Polygons review was more harsh, with Arthur Gies giving the game a score of 5 out of 10. Gies praised the visuals but said the game is filled with "shooter cliches" and is marred by poor execution. "Shadow Fall looks like the future, but it's stuck in the past," Gies said. "In a launch lineup crowded with shooters, Killzone: Shadow Fall sits at the bottom."

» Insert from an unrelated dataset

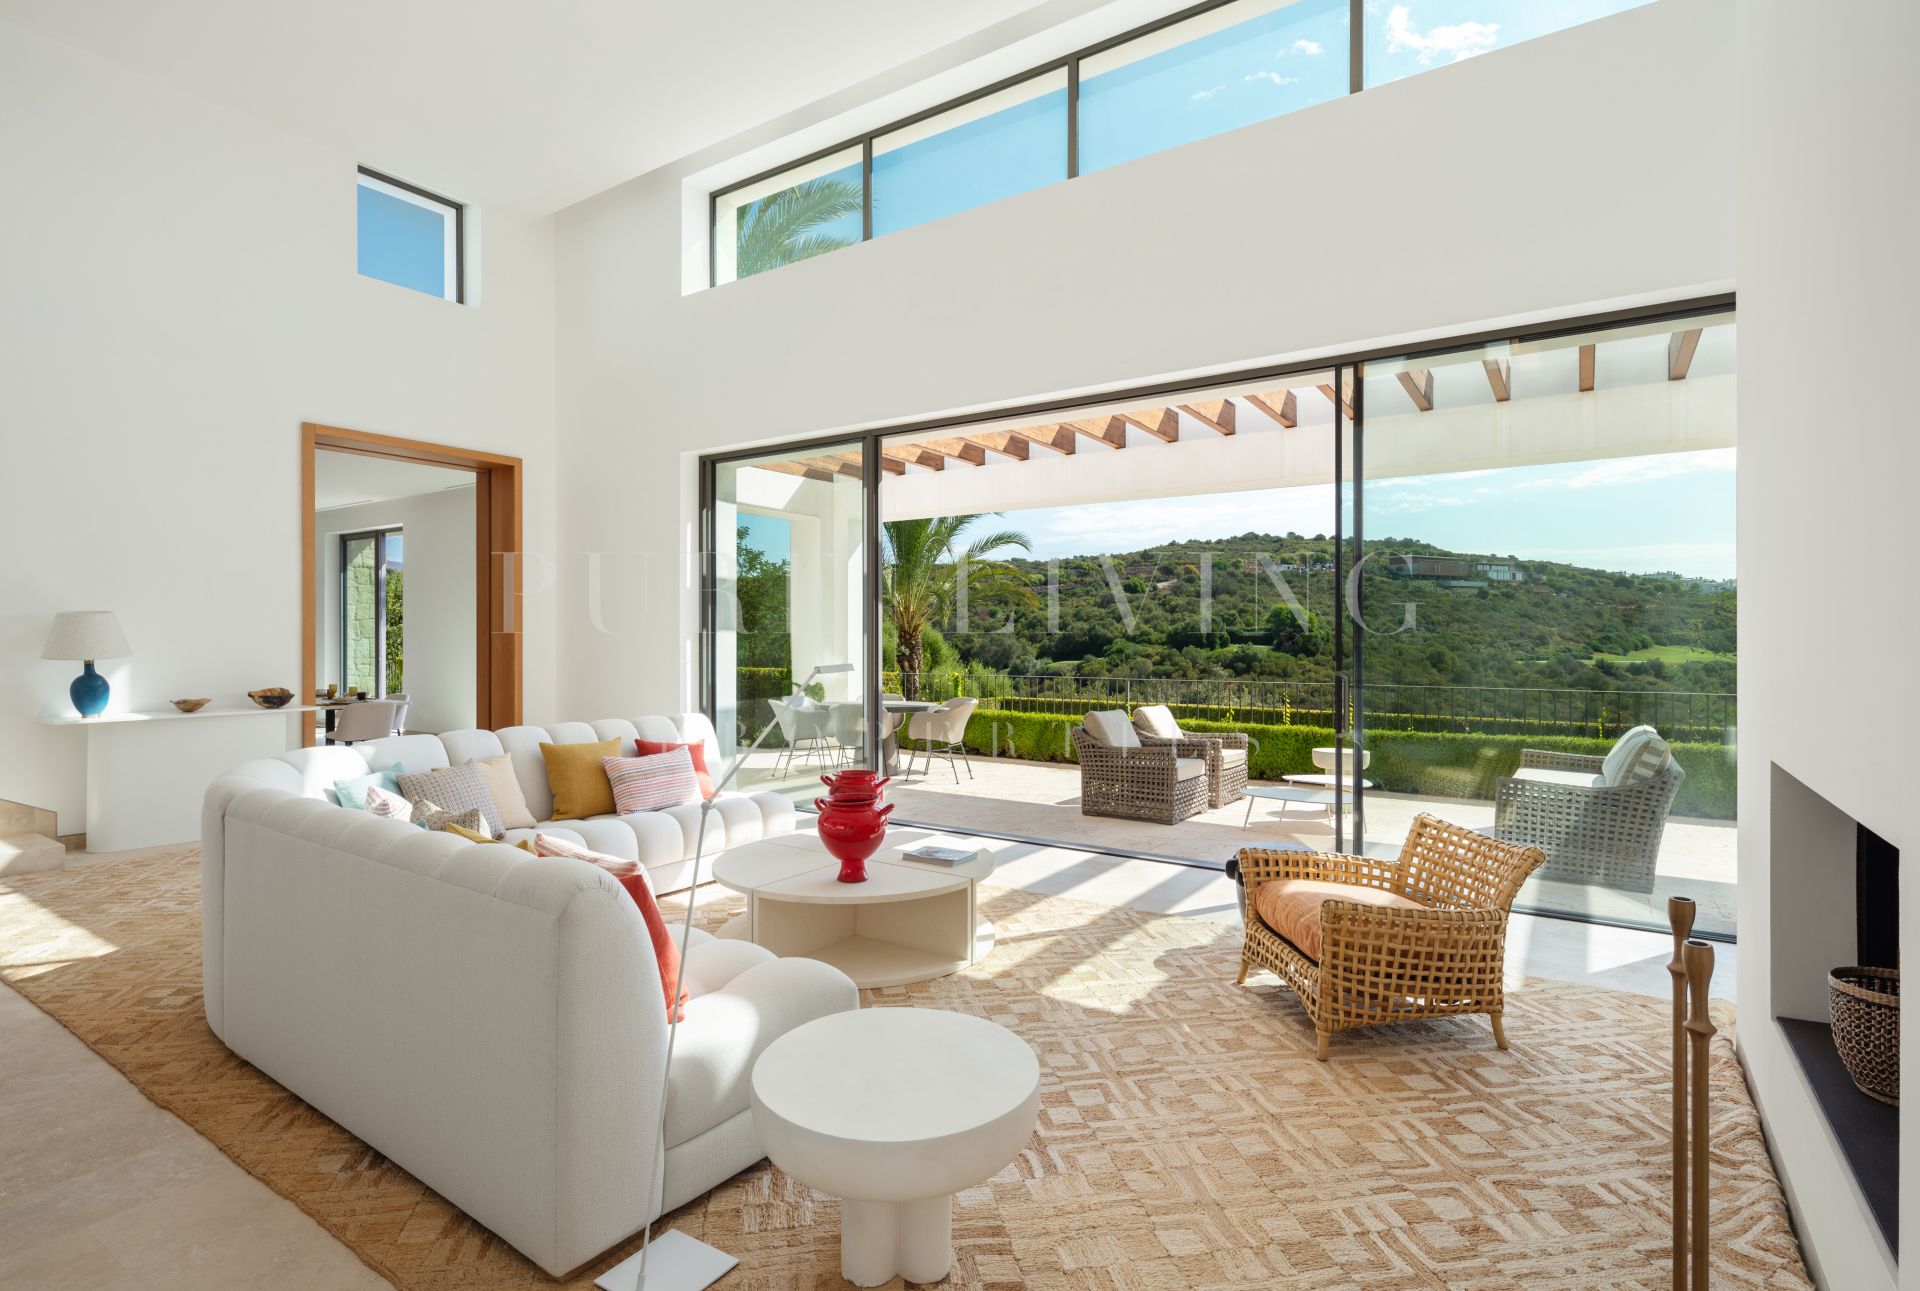 Luxurious six bedroom Villa in prestigious Finca Cortesin in Casares
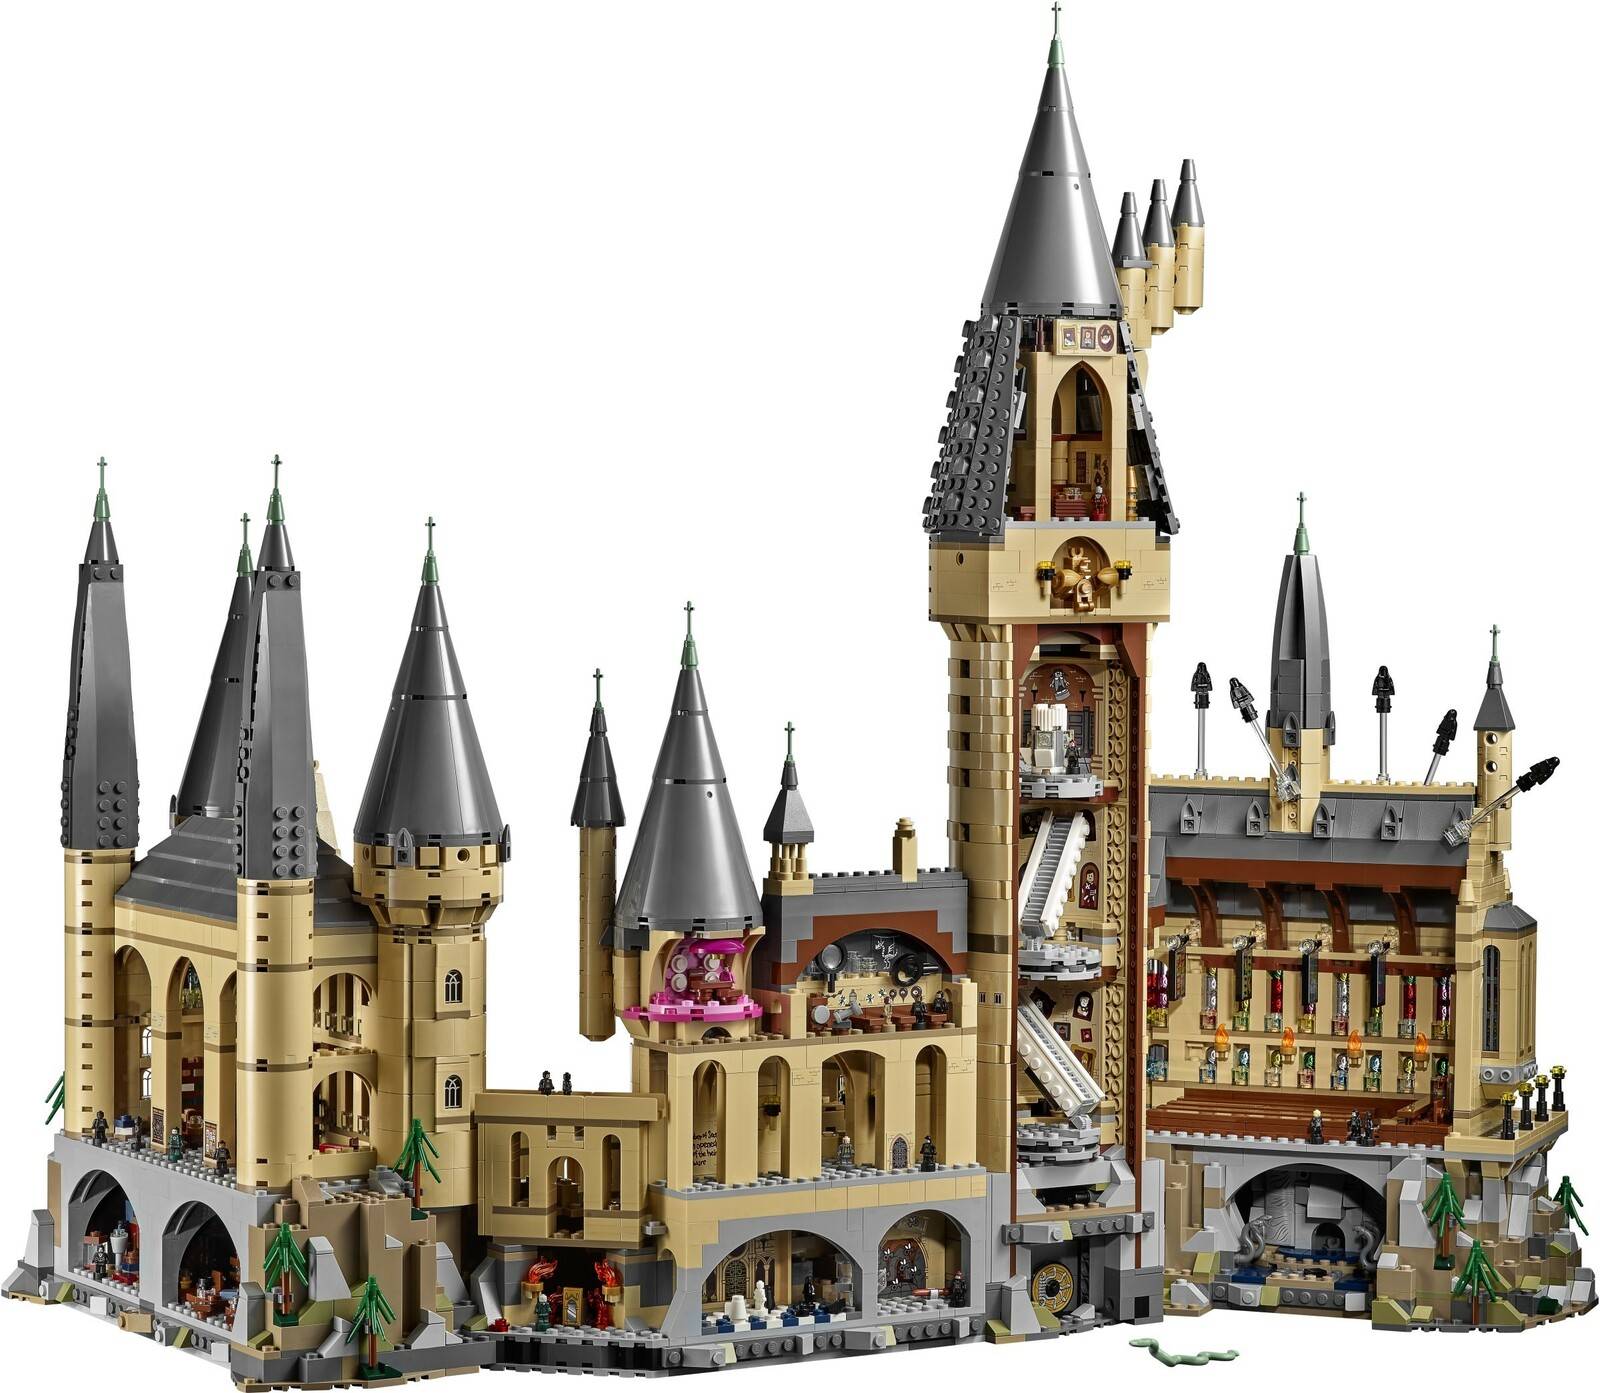 LEGO Hogwarts Castle 71043 set: The Detailed Review

The game received several awards after its release, including the Best PS4 Shooter and Best PS4 Graphics by IGN. It also received the People's Choice awards on both categories.

Aggregate score
| Aggregator | Score |
|---|---|
| Metacritic | 73/100 |

Review scores
| Publication | Score |
|---|---|
| Destructoid | 9/10 |
| Eurogamer | 7/10 |
| Game Informer | 8/10 |
| GameSpot | 7/10 |
| GamesRadar+ | 4/5 |
| IGN | 8/10 |
| Polygon | 5/10 |

=== Sales ===
The game was a commercial success, selling almost 800,000 copies as of 25 December 2013. As of 2 March 2014 it has sold over 2.1 million copies.

=== Lawsuit ===
On 5 August 2014, Sony was sued for $5 million in a class action lawsuit. Sony was accused of "deceptive marketing" because the game's multiplayer mode does not run at the resolution advertised. The case was dismissed on 22 April 2015.